Minutes later, Trout was back on the bench. The crisis was averted. Throngs of fans began streaming for the exits, unwilling to wait around to see Díaz record the final three outs of a 4-1 Mets victory.
“He had his big-boy stuff today,” said first baseman Pete Alonso, who homered and drove in two key insurance runs to increase his National League-leading RBI total to 57. “It sucks for the other hitters.”
When Díaz struck out the side in the ninth to complete the job, the Mets officially survived their 10-game tour of the Southern California gauntlet with a .500 record. They didn’t quite thrive, but they also didn’t quite need to, considering they began this trip with a 10 1/2-game cushion in the NL East. And while that margin is down to just 5 1/2 games, things should grow easier from here for a Mets team that seems undeniably different.
“It reaffirms what I’ve thought since the spring,” Showalter said, “that we’ve got a chance to have a really good group of people that care about competing.”
These Mets, as their 5-5 record out West attested, are not perfect. They are not immune to slumps. They are not going to roll to the division title without the defending World Series champions in Atlanta having a little something to say about it.
So far, however, the Mets have proven capable of acing every test placed before them. Upon losing their first two games to open their road trip in Los Angeles, the Mets won three in a row to set themselves back on a proper course. After Alonso and Starling Marte suffered scary-looking injuries in San Diego, they returned days later looking no worse for wear. (In addition to Alonso’s performance on Sunday, Marte went 2-for-4 with a walk, an RBI double and a run scored in his return to the lineup).

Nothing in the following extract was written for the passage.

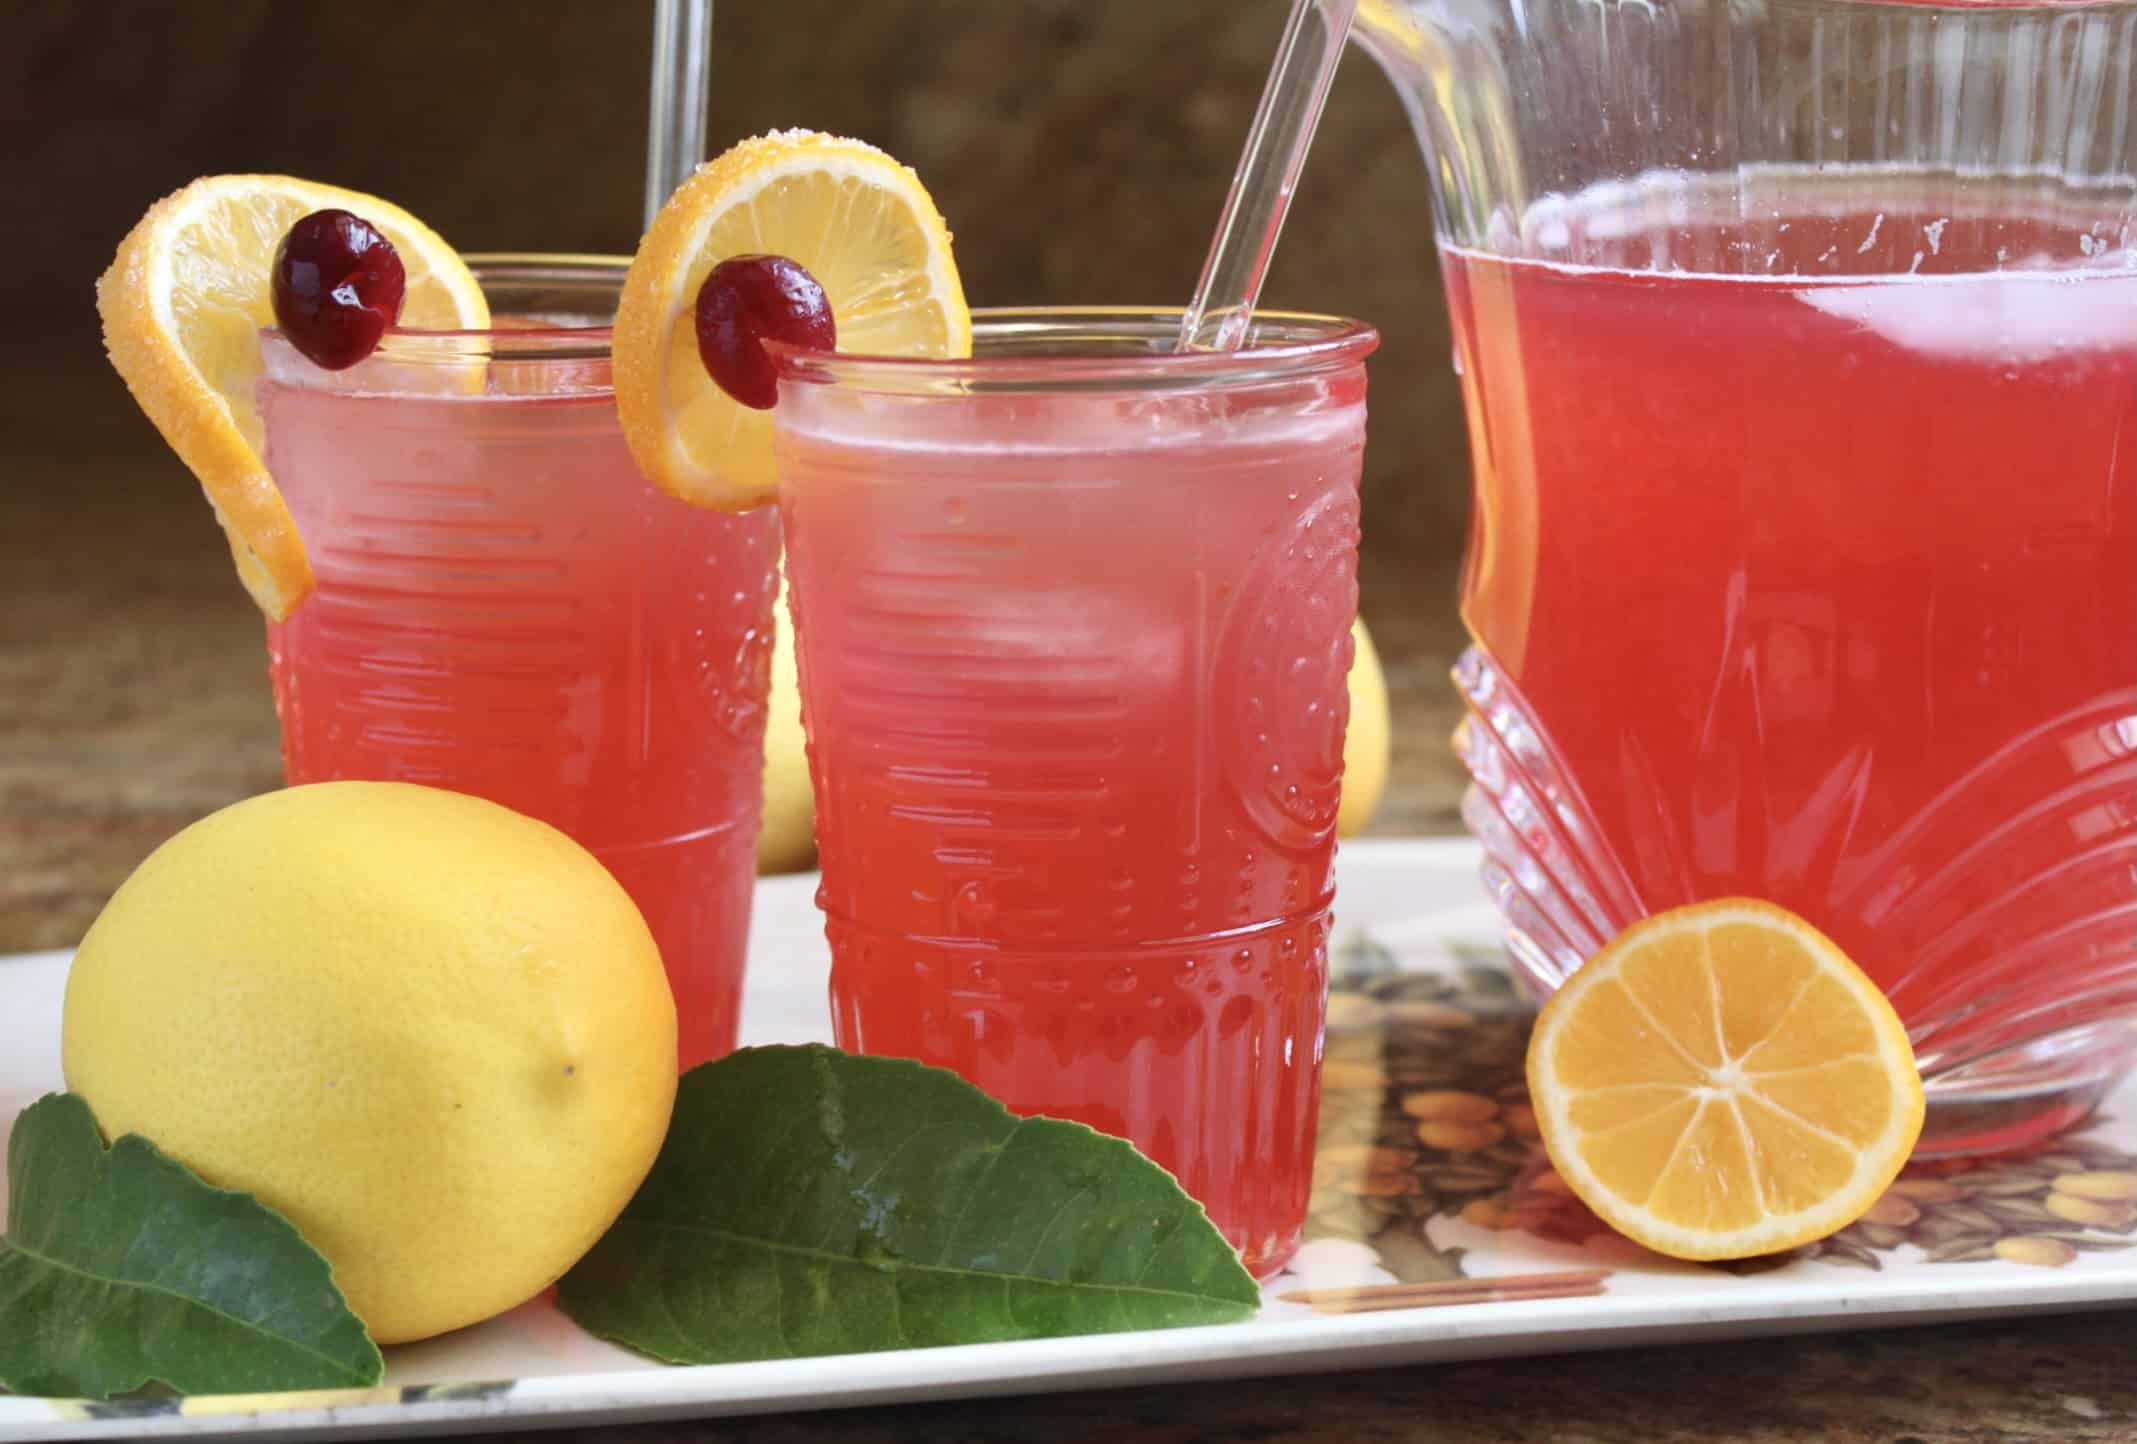 social media cranberry lemonade pic

When Sunday’s starter Taijuan Walker allowed hits to four of his first five batters, he adjusted his glove position to guard against pitch-tipping and struck out nine over five shutout innings the rest of the way.
Then there was Díaz, whose renaissance has occurred on a larger scale. Although Díaz has been generally effective since recovering from his nightmare 2019, he’s reached a different level early this season, leading the Majors by a wide margin with a strikeout rate of 17.05 per nine innings. He fanned five of the six batters he faced in his first five-out save since last June, including Trout on a 100 mph fastball over the outer half of the plate, and Jared Walsh on a 102 mph heater.
“I feel great,” Díaz said. “I’ve been able to do my job in every situation they ask me. Every year, I improve, so this year, I think I’m doing whatever I’ve got to do to help this team.”
Whether that means three-out saves or five-out runs of dominance, Díaz is one of many Mets capable of pulling more than his share of weight. That’s why, while this won’t be the last time the Mets face a quandary such as Trout coming to the plate as the potential tying run, it also won’t be the last time they overcome it.
“I step back and go, ‘OK, you’re lucky to be here to watch a really great pitcher against obviously a great hitter,’” Showalter said. “Today, the pitcher won.”